Which version of UNITE database should I choose?

Recently I have been trying to analysis my ITS amplicon sequences data and I found a little bit confusing thing about the Unite database.
On the Unite database they have distributed two different type of fungi unite database in all formats, not only qiime pre-format:

  1. Includes singletons set as RefS (in dynamic files).

  2. Includes global and 97% singletons.

I have read the README documents in Unite but they did not mention why they posted two versions.
I do know what means about singleton , RefS or dynamic files but I can not figure out what it means together ? :joy:
Does anyone familiar with Unite? Which one should I choose normally? :face_with_raised_eyebrow:

10 Likes

May I ask if you understand?

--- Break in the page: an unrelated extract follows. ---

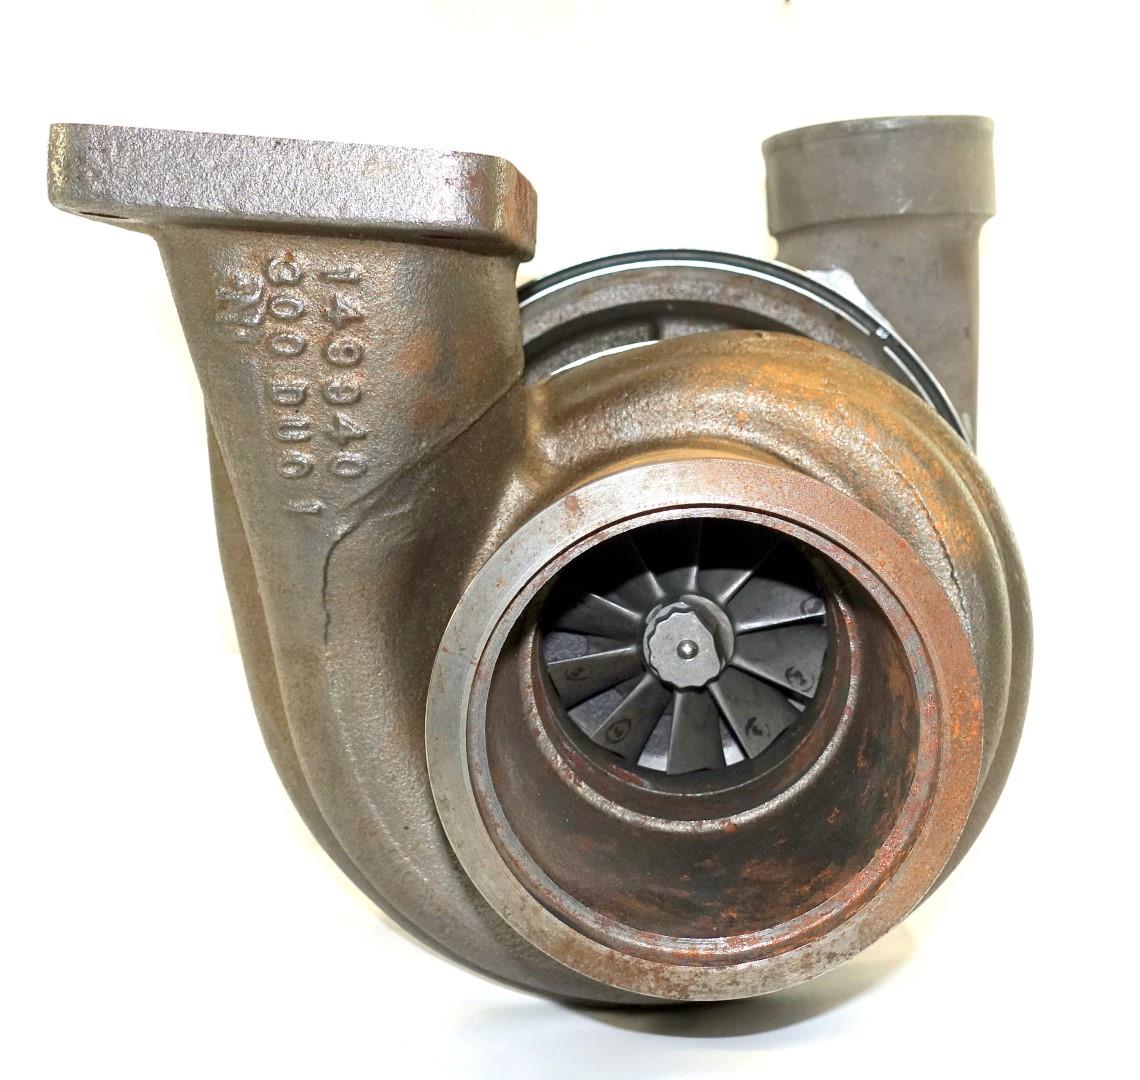 5T-966 | 2950-00-178-1245 M54 Series Turbo Charger (7) (Large).JPG

I encountered the same problem

Here is my understanding.
(I am not part of the UNITE dev team, so my understanding may be incomplete.)

Context: the UNITE database is clustered

The UNITE database is distributed at three clustering levels:

  • 99%
  • 97%
  • 'dynamic'

Some clusters in UNITE are chosen manually by the devs and others are included automatically.

refs = this is a manually designated RefS
(reps = this is an automatically chosen RepS)

The problem: 'singleton' clusters

Most output clusters represent multiple input reads, but some 'singleton' output clusters represent only one input read!

(Do you want this in your database? If a word is spelled diffffffferently is it wrong or novel? :thinking: )

The choice: do you want to include singleton clusters?

There are a bunch of automatic RepS clusters that represent a single read, and you may not want to include these 'singleton' clusters.

  1. Includes singletons set as RefS (in dynamic files).
    Singletons have been removed from 99% and 97%
  1. Includes global and 97% singletons.
    Includes all the singletons!

I would also love the UNITE team to clarify this. :heart: :mushroom:

2 Likes